Contributed jointly by Dragan Rangelov and myself
The binding problem is a specific example
of a more general problem in brain studies, namely that of integration, that is
to say of how the many, specialized, areas of the brain interact to provide the
integration that is evident in our perceptions, thoughts and actions.
Binding has come to refer more to this
problem within the confines of the visual brain. Here the binding problem becomes
the problem of how the several, parallel, processing systems in the brain
interact to give us our unitary perception of the visual world, in which
different attributes such as form, colour and motion are seen in precise
spatial and temporal registration.
The initial mistake is to suppose that we
do see these attributes at precisely the same time. In fact, psychophysicalexperiments show that this is not true and that we see and become aware of some
visual attributes such as colour before we see and become aware of others, such
as motion.
This raises a question which has so far
remained un-addressed, namely of whether there is some central station in the
brain that “waits” for all the processing systems to complete their tasks
before “binding” the results of their operations. There clearly is no such system because, over very brief
time windows, we bind the colour that we see at time x to the motion that we had
perceived 80 ms before. We therefore mis-bind in terms of the objective
reality.
We discussed this issue some two years ago
while at a meeting and thought that we should conduct some more experiments on
this problem. Our approach was as follows: we presented subjects with lines of
different orientation that could be in a number of colours. If colour is bound
to orientation at perceptual or pre-perceptual stages, then the accuracy of
reporting one attribute, say colour, should co-vary with the accuracy of
reporting the other attribute (orientation), when the two are presented to
subjects over very brief time windows.
If, however, the two attributes are not
bound at the pre-perceptual or perceptual stage, then the accuracy of reporting
one attribute (colour) should vary independently from the accuracy of reporting
the other (orientation).
Our results, just published, showed that
the accuracy of reporting the two attributes is independent, with the accuracy
of reporting colour being always greater than the accuracy of reporting the
orientation, probably reflecting the fact that colour is perceived before the
orientation of lines by about 40 ms.
This suggests that these two attributes, at
least, are not bound at either pre-perceptual or perceptual stages.

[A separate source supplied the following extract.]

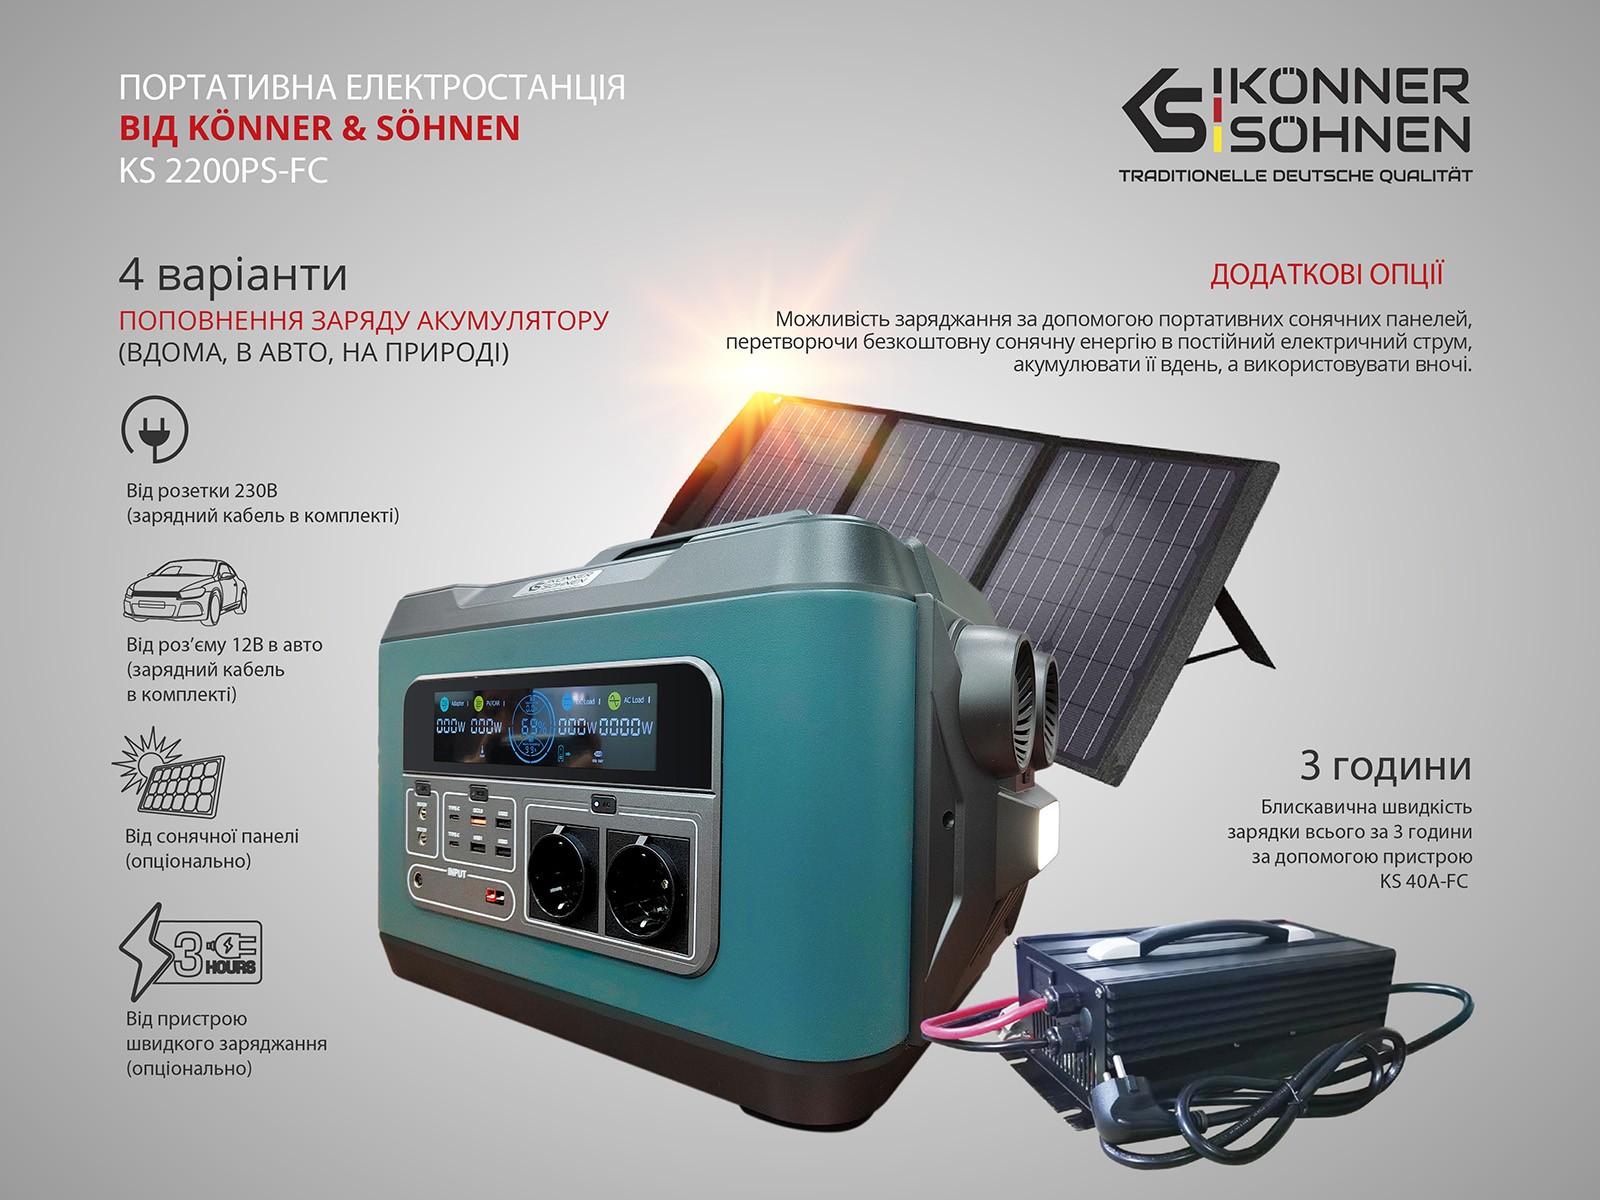 Портативная зарядная станция Konner&Sohnen KS 2200PS-FC обзор - фото 11

This result leads us to conclude that
binding does not occur by physiological interaction between cells in the visual
areas, but rather occurs at pos-perceptual stages, perhaps through the
intervention of memory. We only experience attributes as being bound even though
they are not bound physiologically, and only because they occur within the
same, very brief memory time window.
Our results may provide, we think, an
interesting resolution to the binding
problem, namely that there is no such problem to resolve at the perceptual
level.
If binding occurs post-perceptually, then
the search for how binding occurs shifts to a different arena.
Time will tell whether we are correct in
our interpretation.
We may of course be wrong, but we hope that
our new view provides the ground for interesting new experiments and debates.